This study estimates the contribution of global supply and demand shocks and global commodity shocks to the dynamics of Russian macroeconomic indicators. The main research tool is a factor-augmented vector autoregression model, which allows for the identification of global factors in a wide range of variables. Both sign and short-term restrictions are used to identify global shocks. Through impulse response function analysis of a set of Russian indicators, it is found that all of the identified global shocks have an impact on the Russian economy. A forecast error variance decomposition reveals a significant contribution from external shocks, up to 70%, to the dynamics of key real macroeconomic indicators, while price indices and trade turnover prove to be more sensitive to domestic shocks, with a contribution of up to 50%. We also study the evolution of the impact of the shocks in question on macroeconomic variables over time, estimating the model over two sub-periods, whereby we find a qualitative change in the impact of external shocks on a number of variables, such as exports and consumption.

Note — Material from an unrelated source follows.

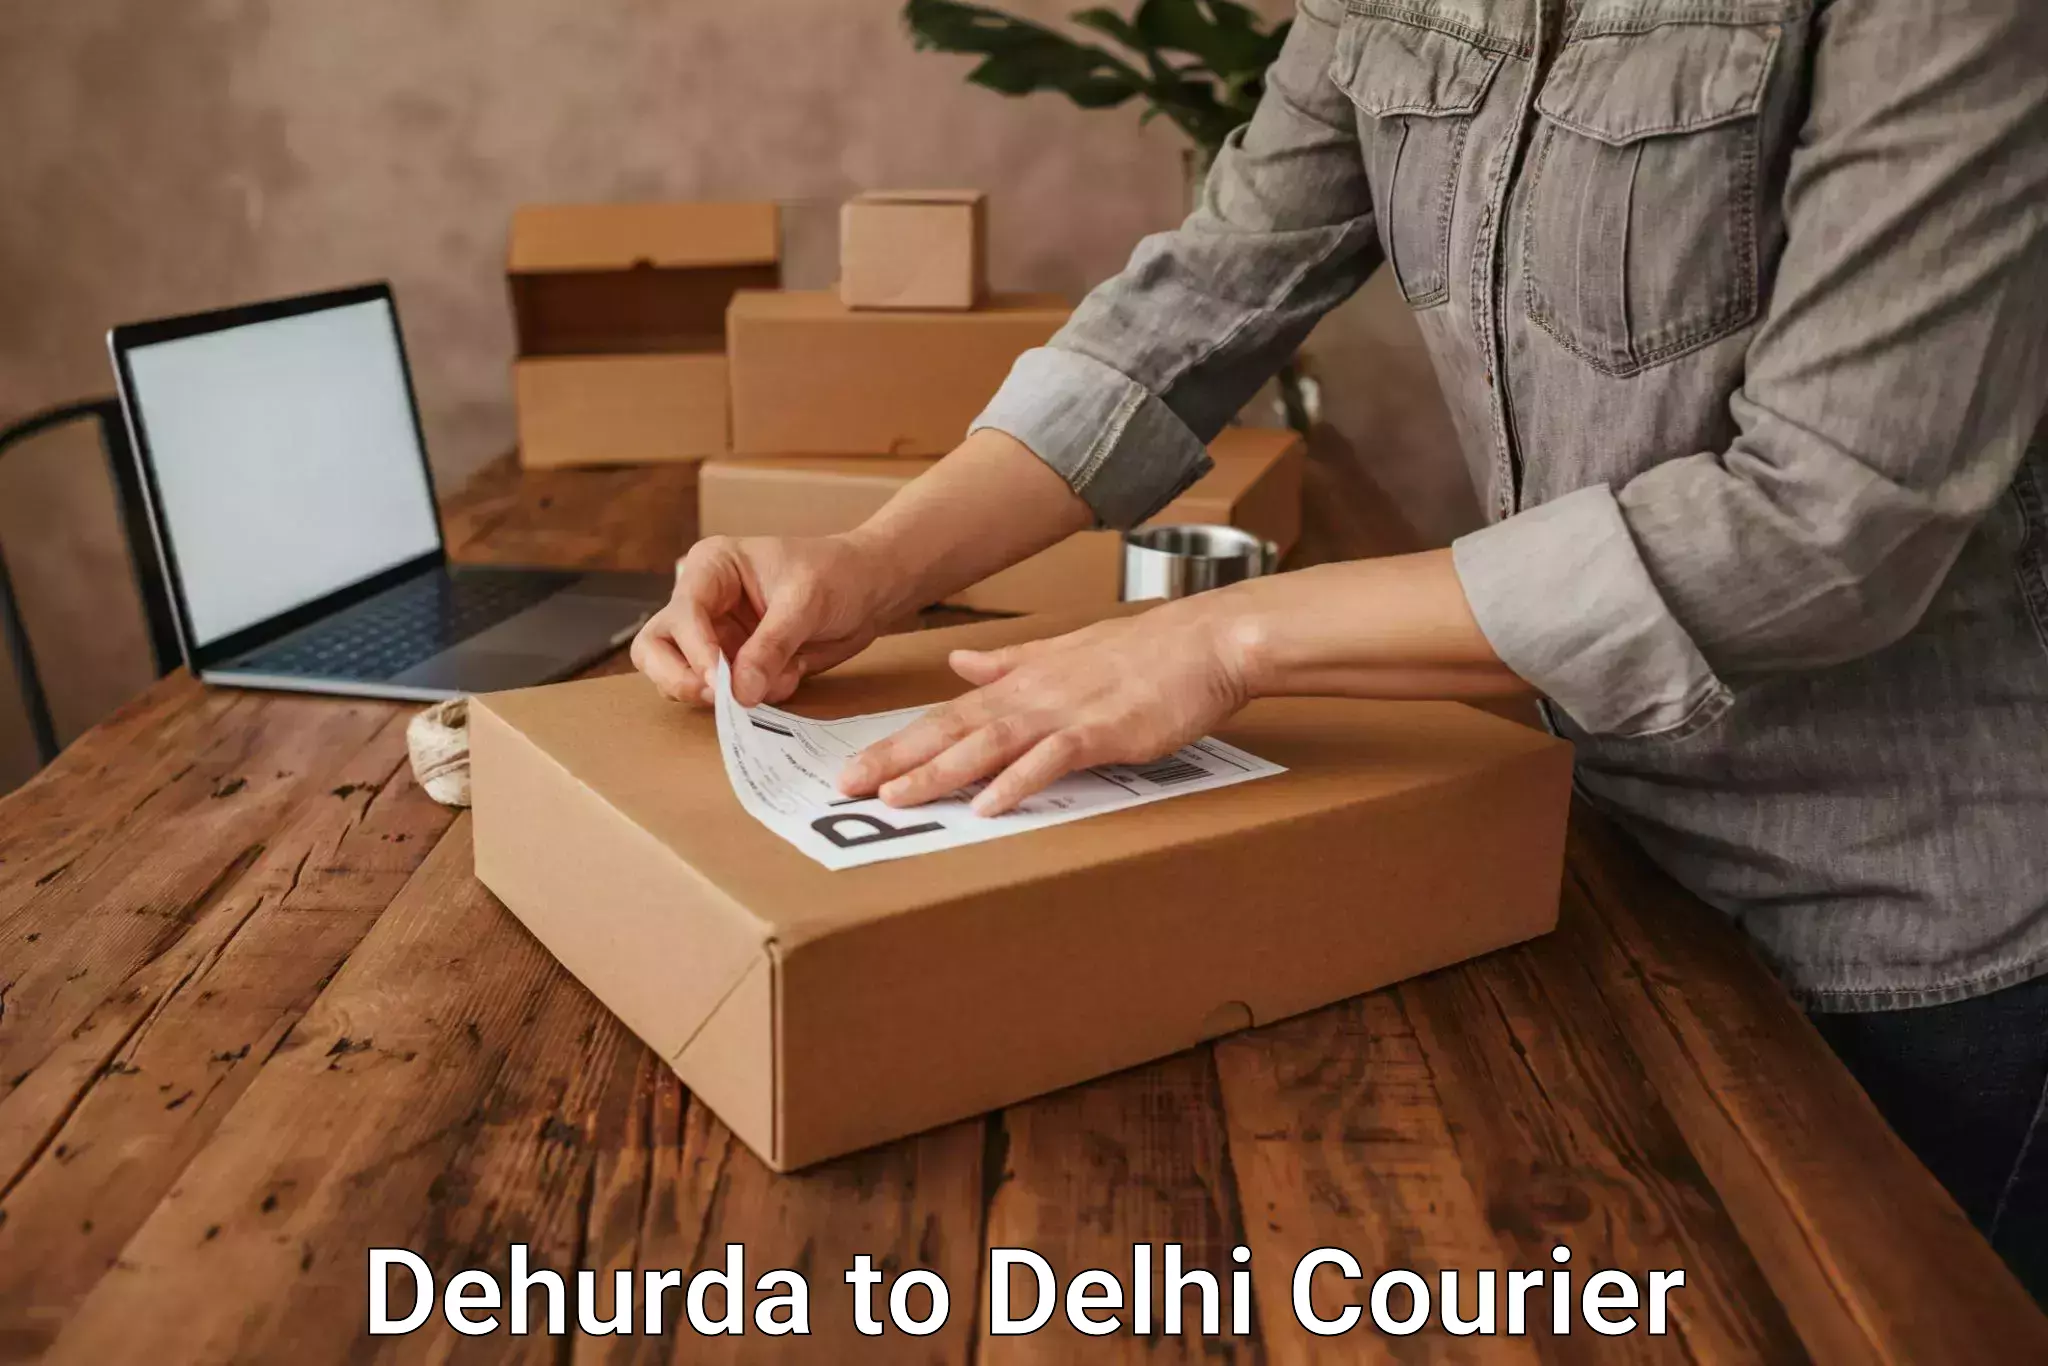 Cargo courier service Dehurda to Delhi

In addition, a reduced factor model for Russian GDP nowcasting is constructed, which outperforms the medium-sized Bayesian vector autoregression model and other alternatives in terms of predictive power.

Suggested Citation

  • Andrey Zubarev & Daniil Lomonosov & Konstantin Rybak, 2022. "Estimation of the Impact of Global Shocks on the Russian Economy and GDP Nowcasting Using a Factor Model," Russian Journal of Money and Finance, Bank of Russia, vol. 81(2), pages 49-78, June.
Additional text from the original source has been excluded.